In keeping with the Bauhaus tradition, white is used liberally throughout the campus, and this hue is warmed with rich marble flooring and a wood accent wall in the lobby. Vibrant contemporary art, including framed Bauhaus posters from the 1920s and art commissioned by the owners carry on the theme.
"We tried to use simple materials," says Ternasky. "We were interested in simplifying things ... not using a lot of patterning." Vinyl floor covering was chosen because of its ease of maintenance. At Biosite, "They work with a lot of dyes and chemicals and the floors have to be cleaned nightly," he adds. "We used vinyl tiles in the hallways, with geometric patterns that are decorative and also serve as a wayfinding device.

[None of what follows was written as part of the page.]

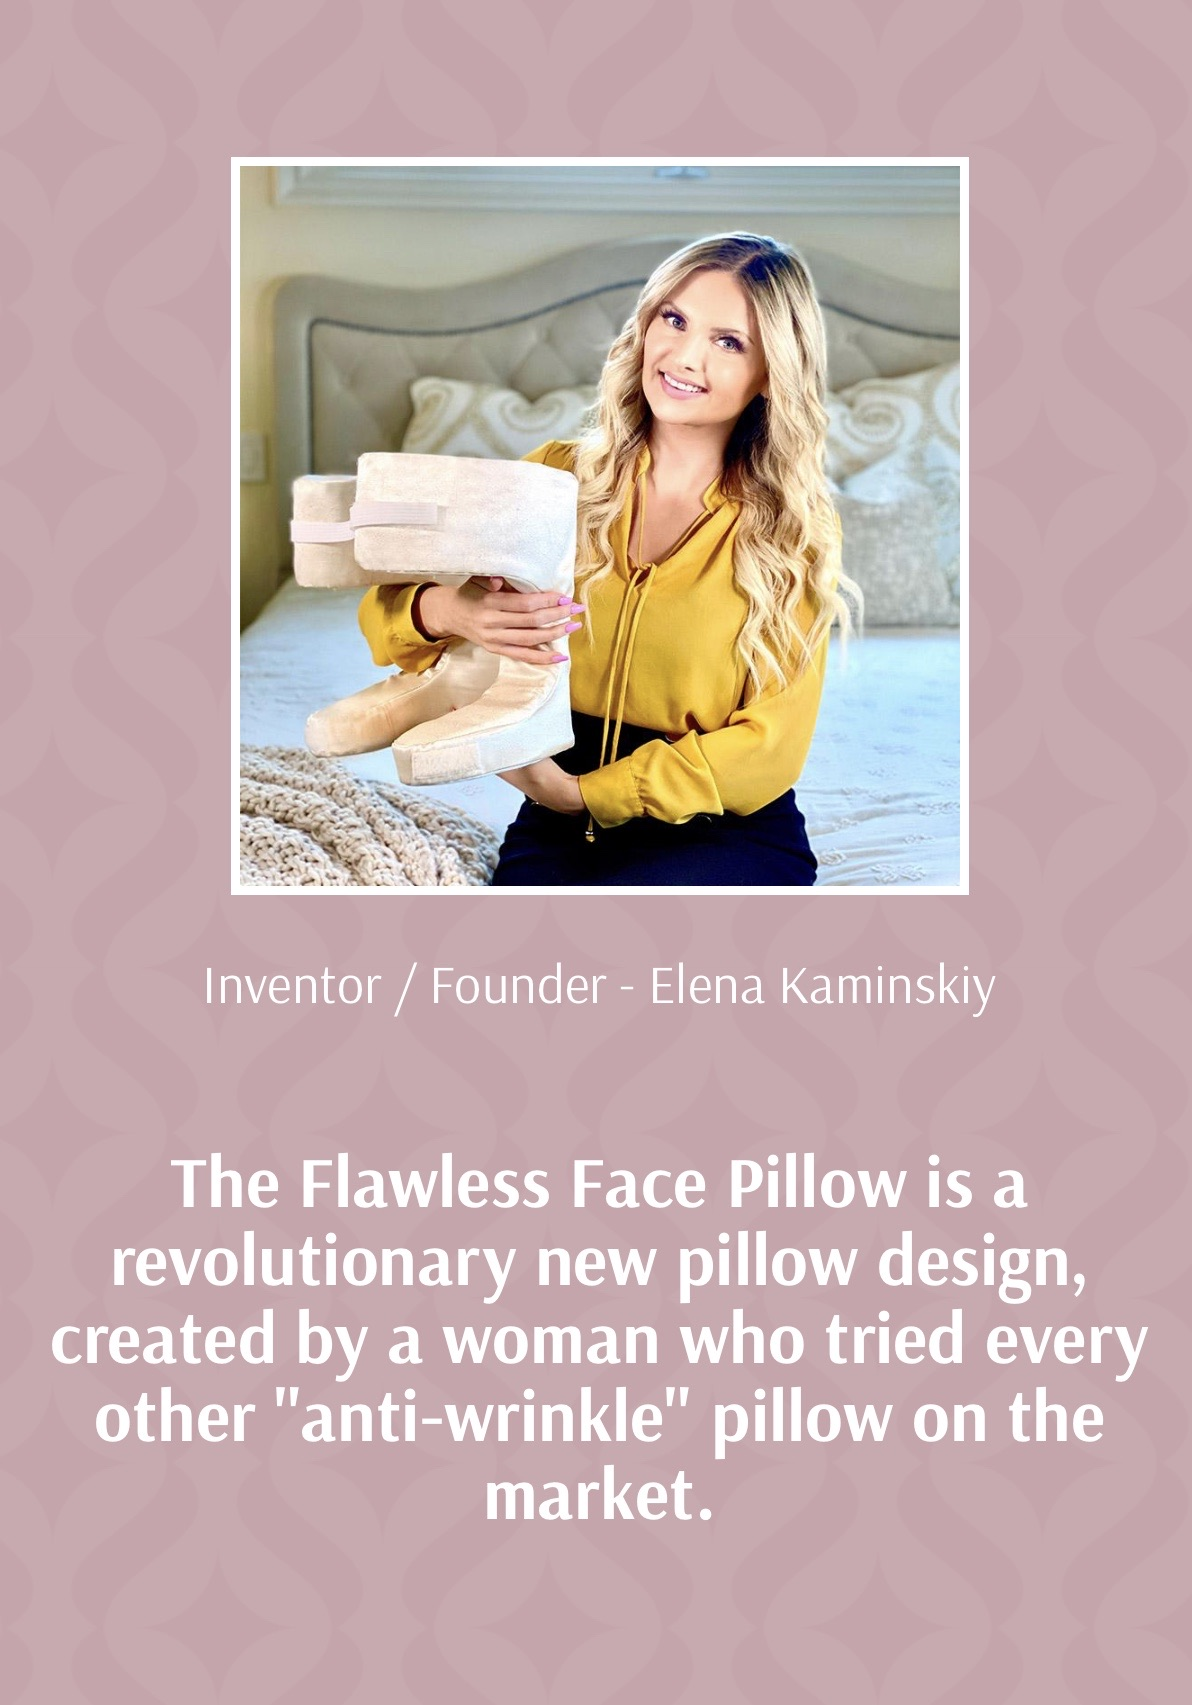 The Flawless Face Pillow Slated to Revolutionize the Anti-Wrinkle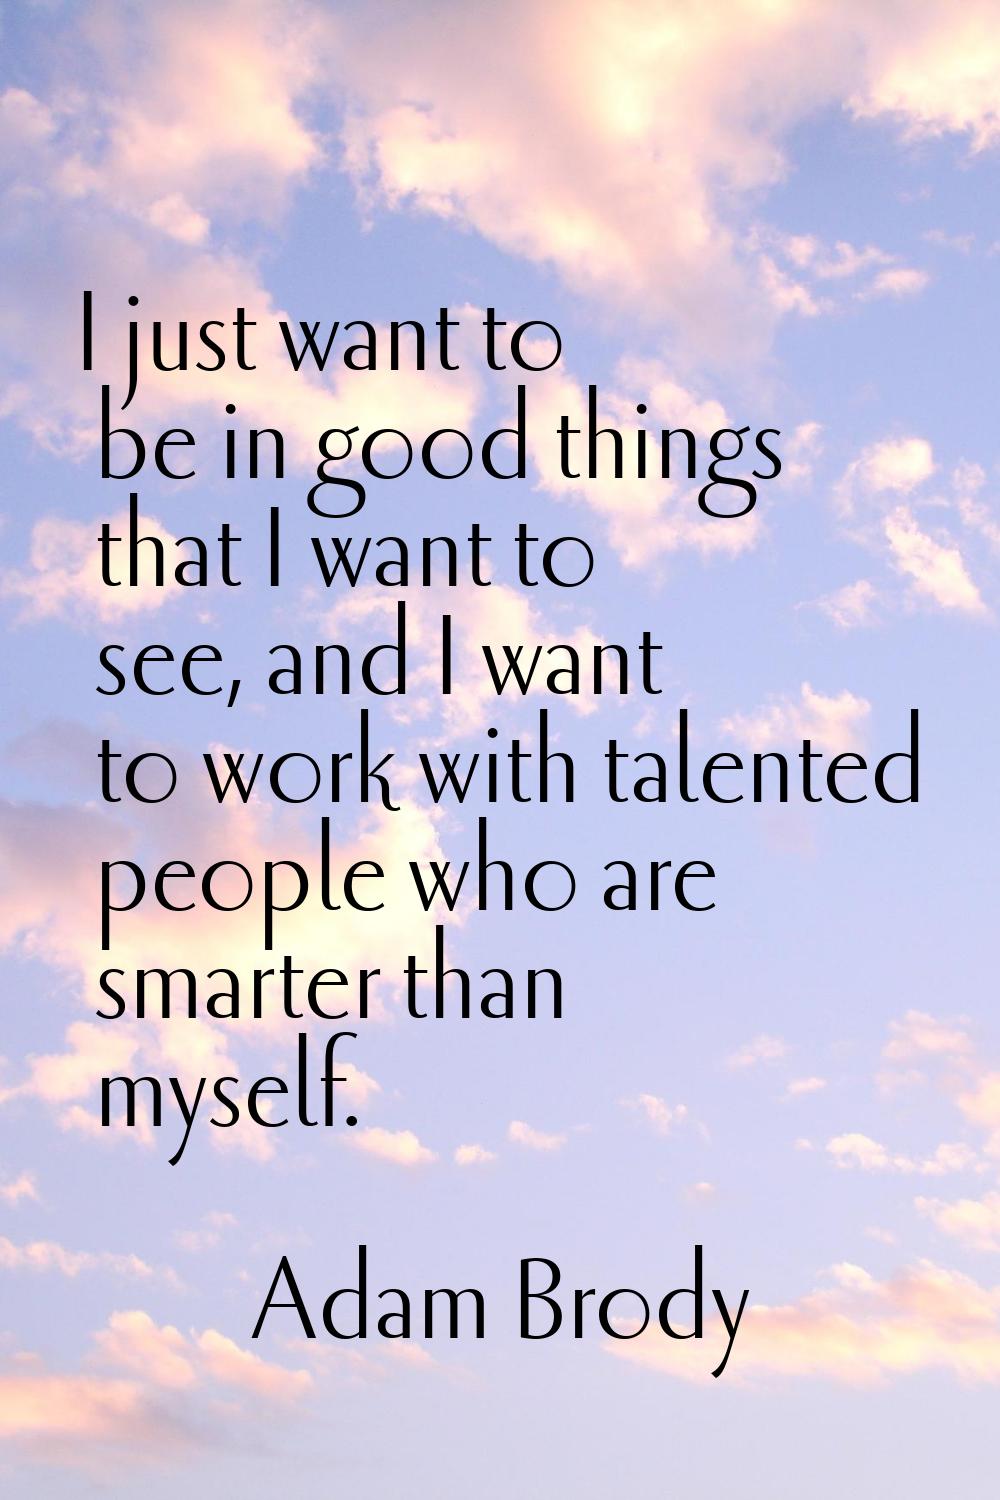 I just want to be in good things that I want to see, and I want to work with talented people who ar

The patterns support the overall design."
The Delawie Wilkes Rodrigues Barker team also consulted on the project's furniture applications-right down to the custom veneer and laminate desks-to help keep the design consistent and ensure that durable furniture was selected.
Dunbar offers high praise for the team effort put forth by Delawie Wilkes Rodrigues Barker. "This project is a testament to their ability to really listen to what the client wants, and to expand on that," he says. "It's a phenomenal project. We get positive comments all the time about the facility and the unique job done with it. It gives people a positive mindset, [and] a new, fresh, enjoyable building to work in."
Dunbar also credits the success of the project to Biosite's co-founders: Blickenstaff, Buechler and Valkirs. "Their interest in and involvement with architecture is unusual, in my experience. Beyond ‘make it look pretty,' most people don't usually understand what goes into a building. The executives here understand architecture and what goes into it. That made my job easier."
Since the site can accommodate up to nine buildings and a total of 800,000 square feet for additional office space, warehousing, R&D, and manufacturing needs, there might be even more exciting developments on the Biosite campus in the future.